LISTED ENTRIES:

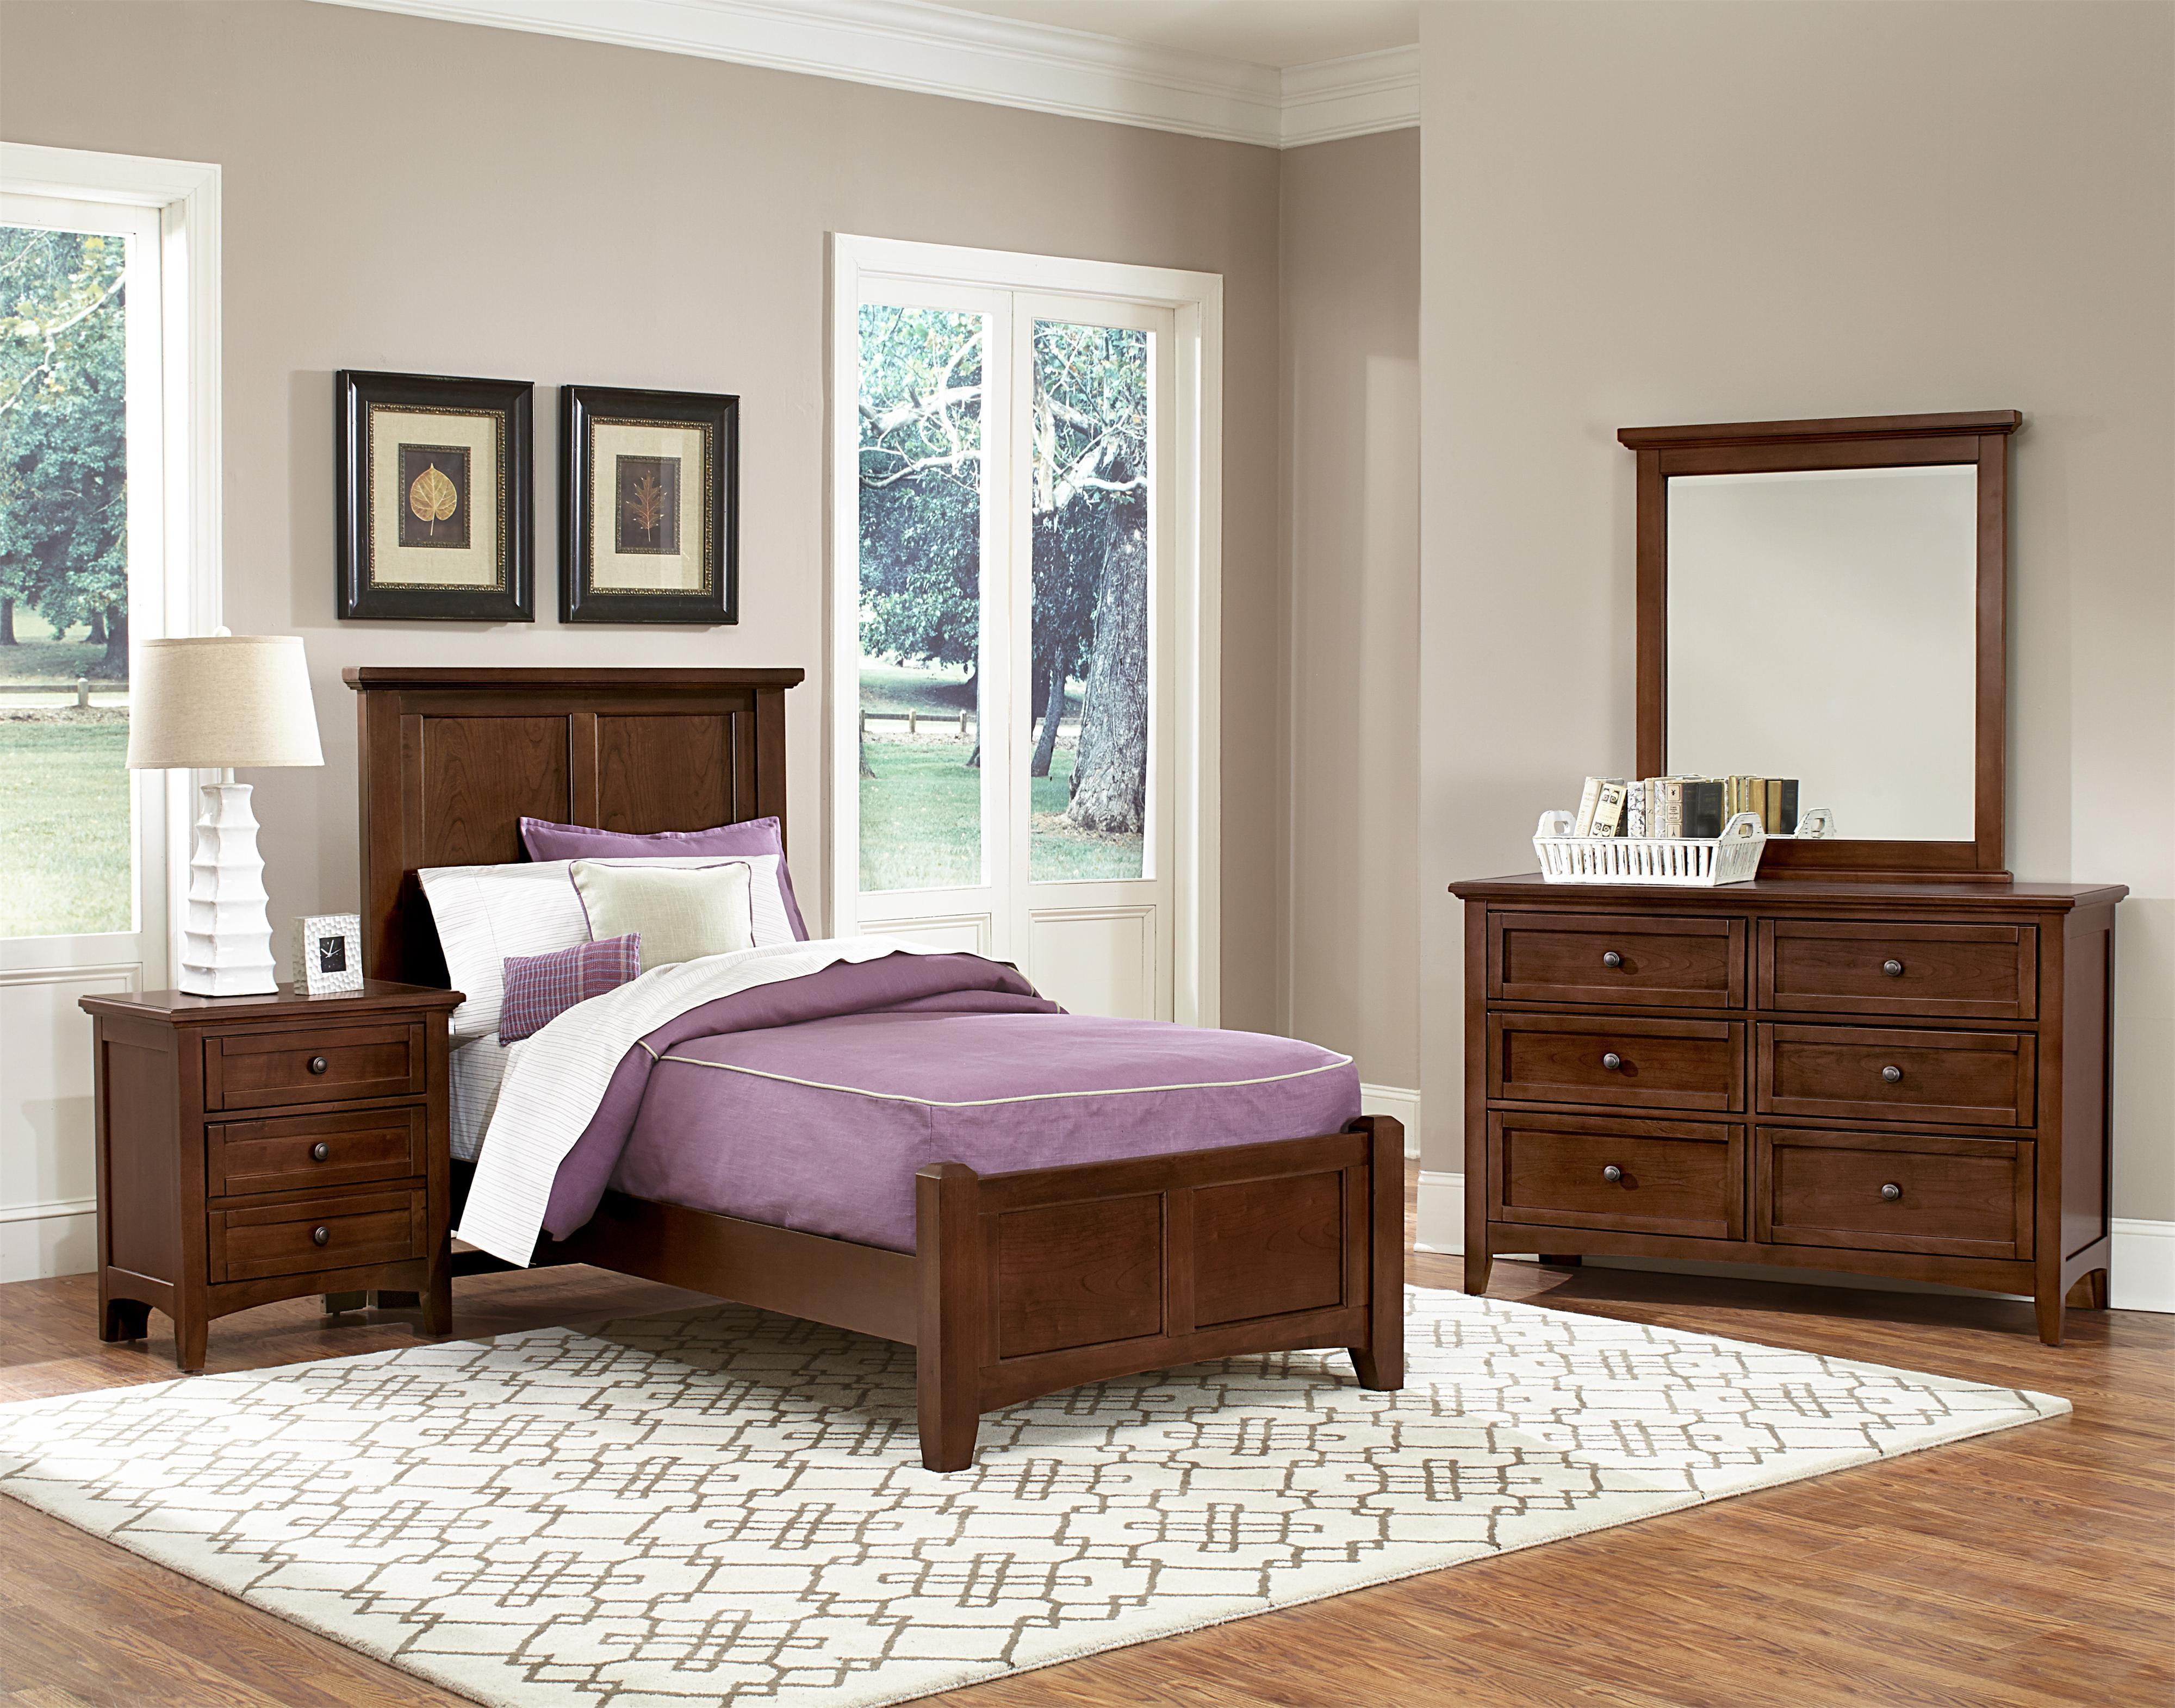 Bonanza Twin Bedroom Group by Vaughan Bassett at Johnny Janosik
---
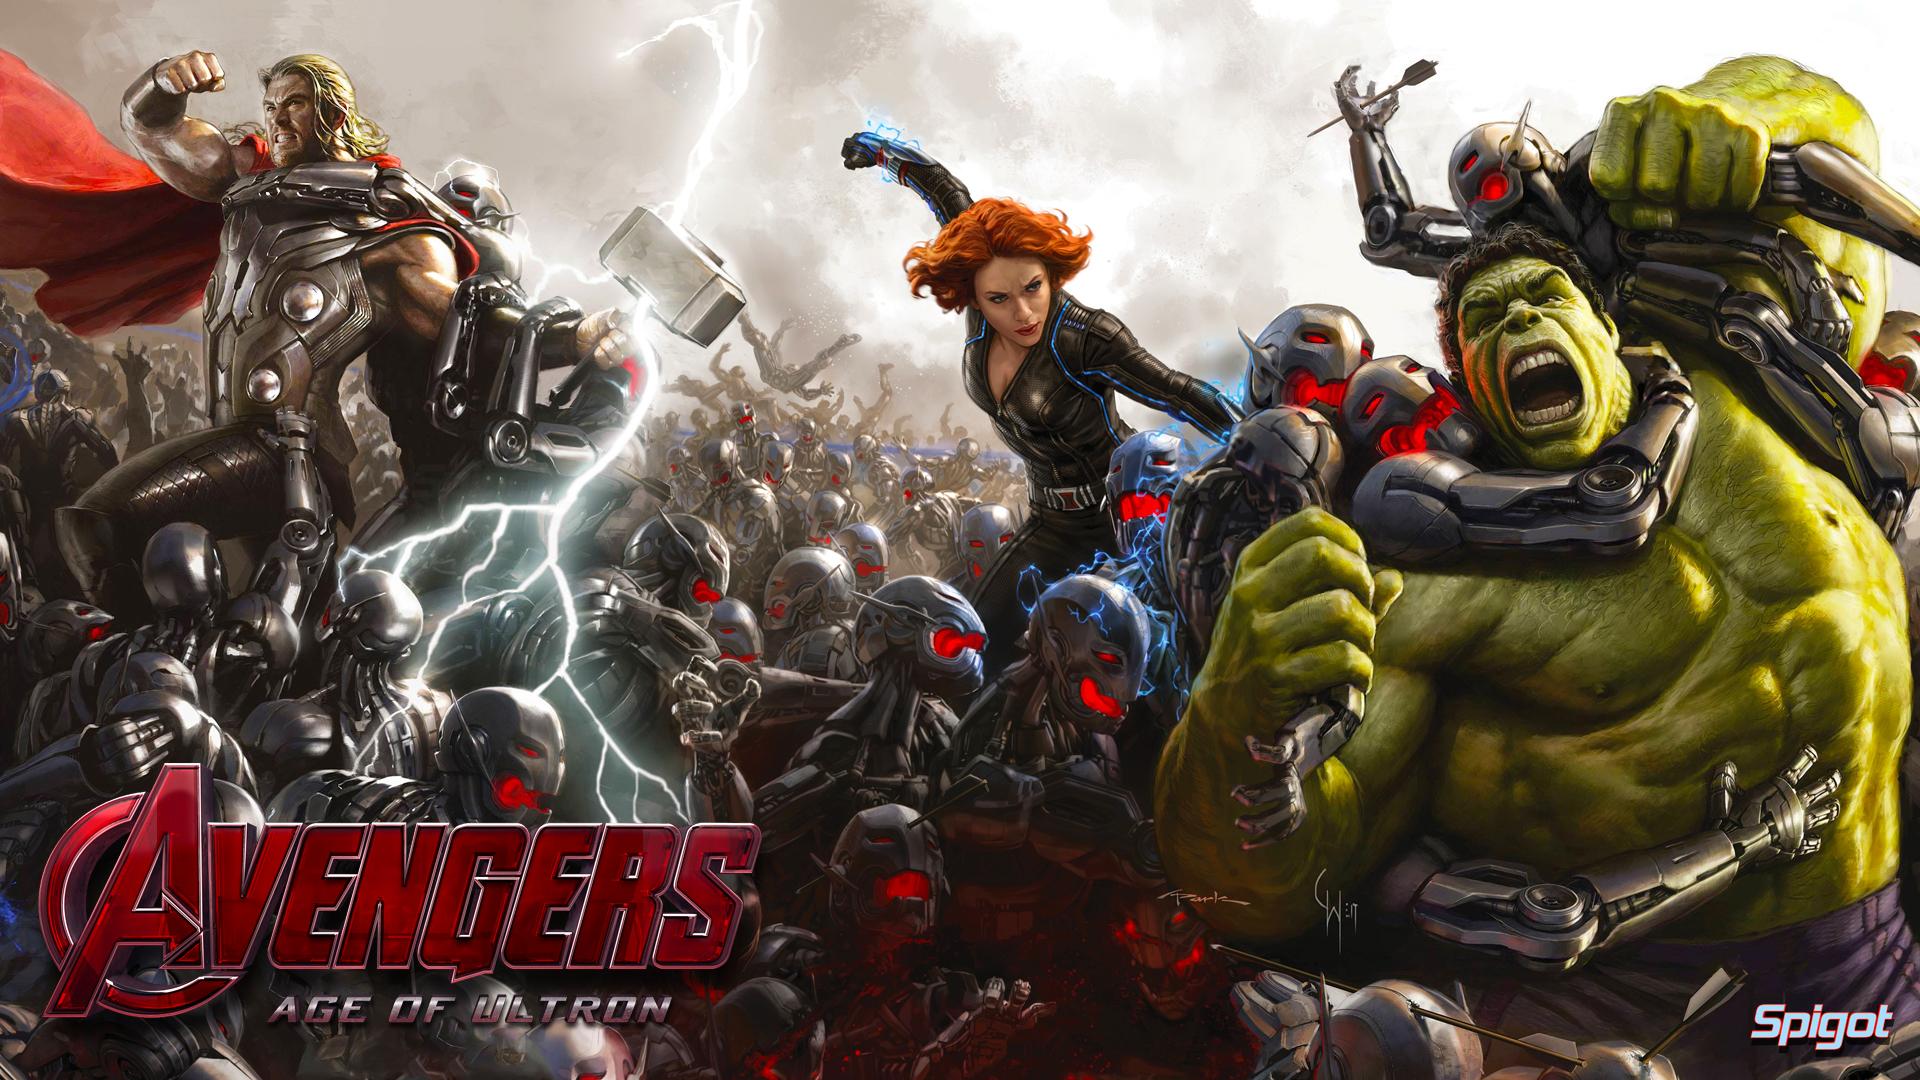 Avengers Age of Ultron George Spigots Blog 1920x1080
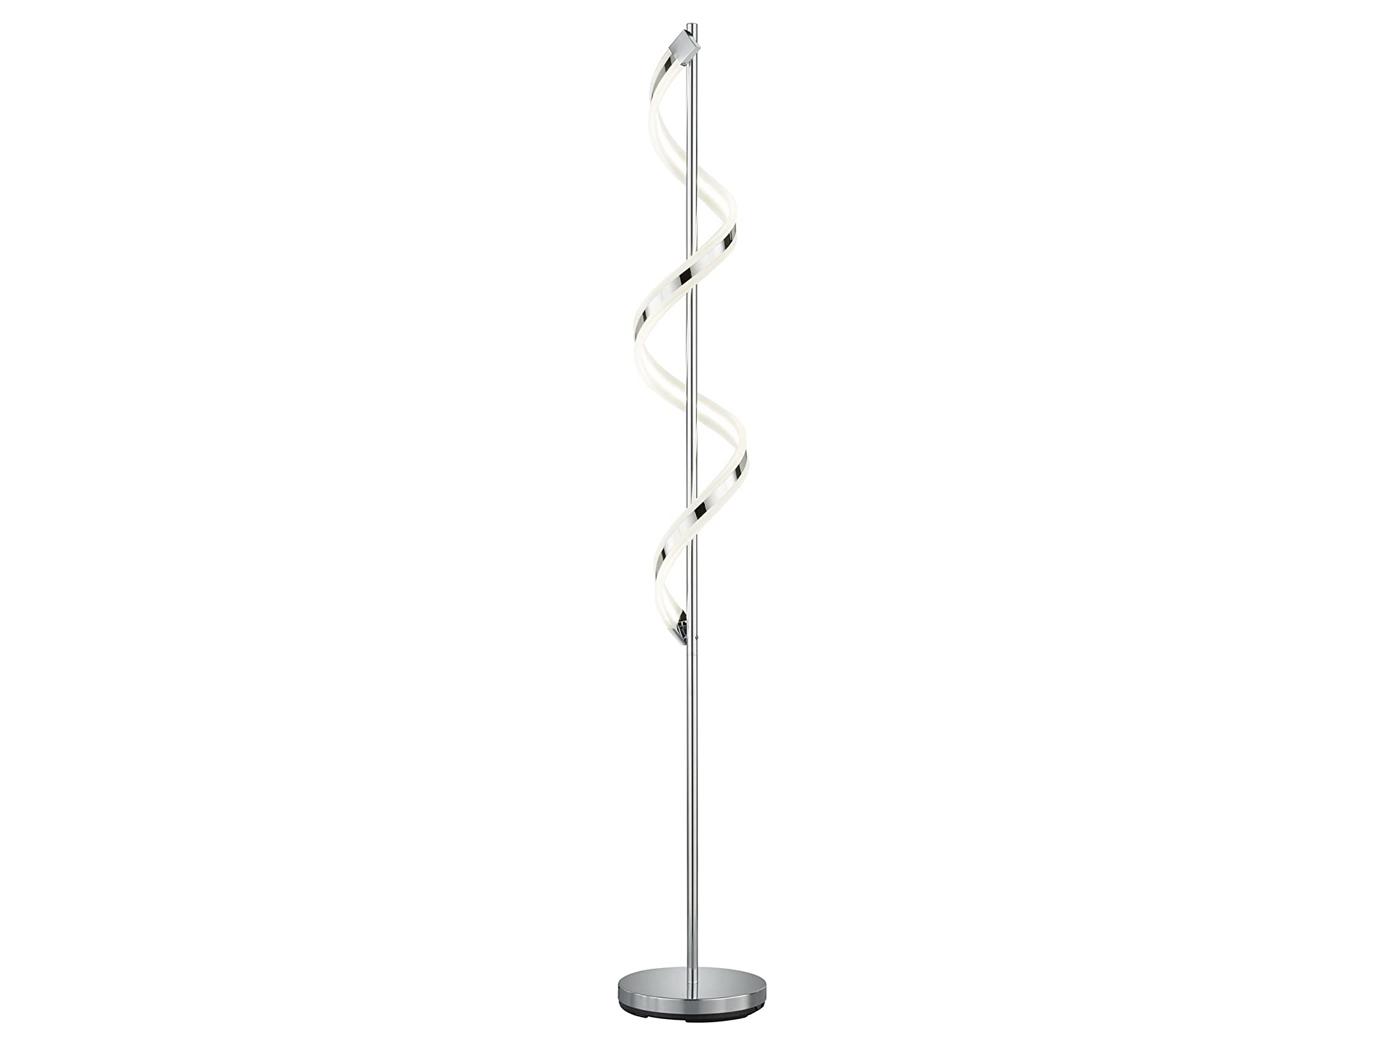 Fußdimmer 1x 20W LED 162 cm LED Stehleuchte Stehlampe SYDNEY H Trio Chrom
---
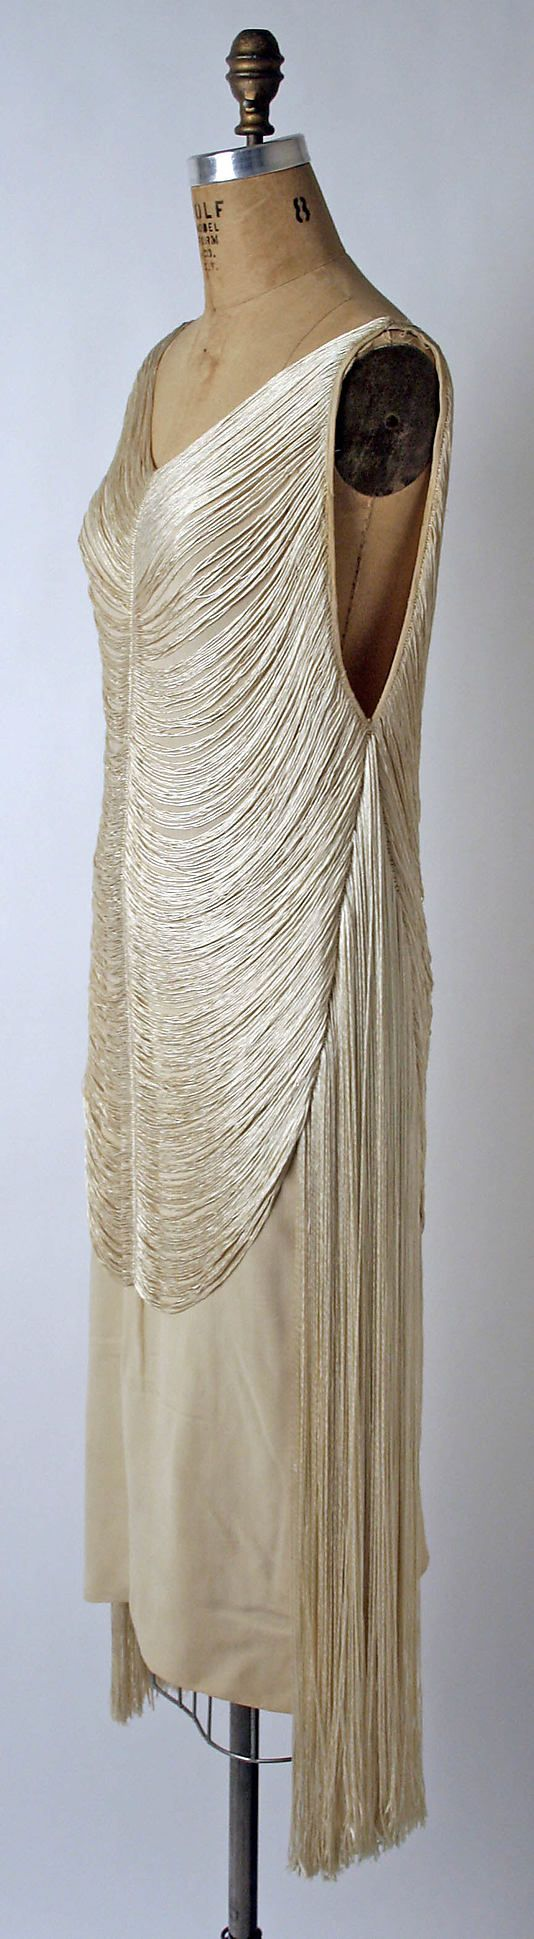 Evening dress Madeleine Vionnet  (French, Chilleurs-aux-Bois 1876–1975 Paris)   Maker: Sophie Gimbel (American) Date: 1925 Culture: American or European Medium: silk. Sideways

ASSIGNMENT: Give back the exact lines above, running from the one that has "Avengers Age of" through the one that has "Fußdimmer 1x 20W", with nothing added and no pictures.

RESULT OF THIS TASK:
 Avengers Age of Ultron George Spigots Blog 1920x1080
 Fußdimmer 1x 20W LED 162 cm LED Stehleuchte Stehlampe SYDNEY H Trio Chrom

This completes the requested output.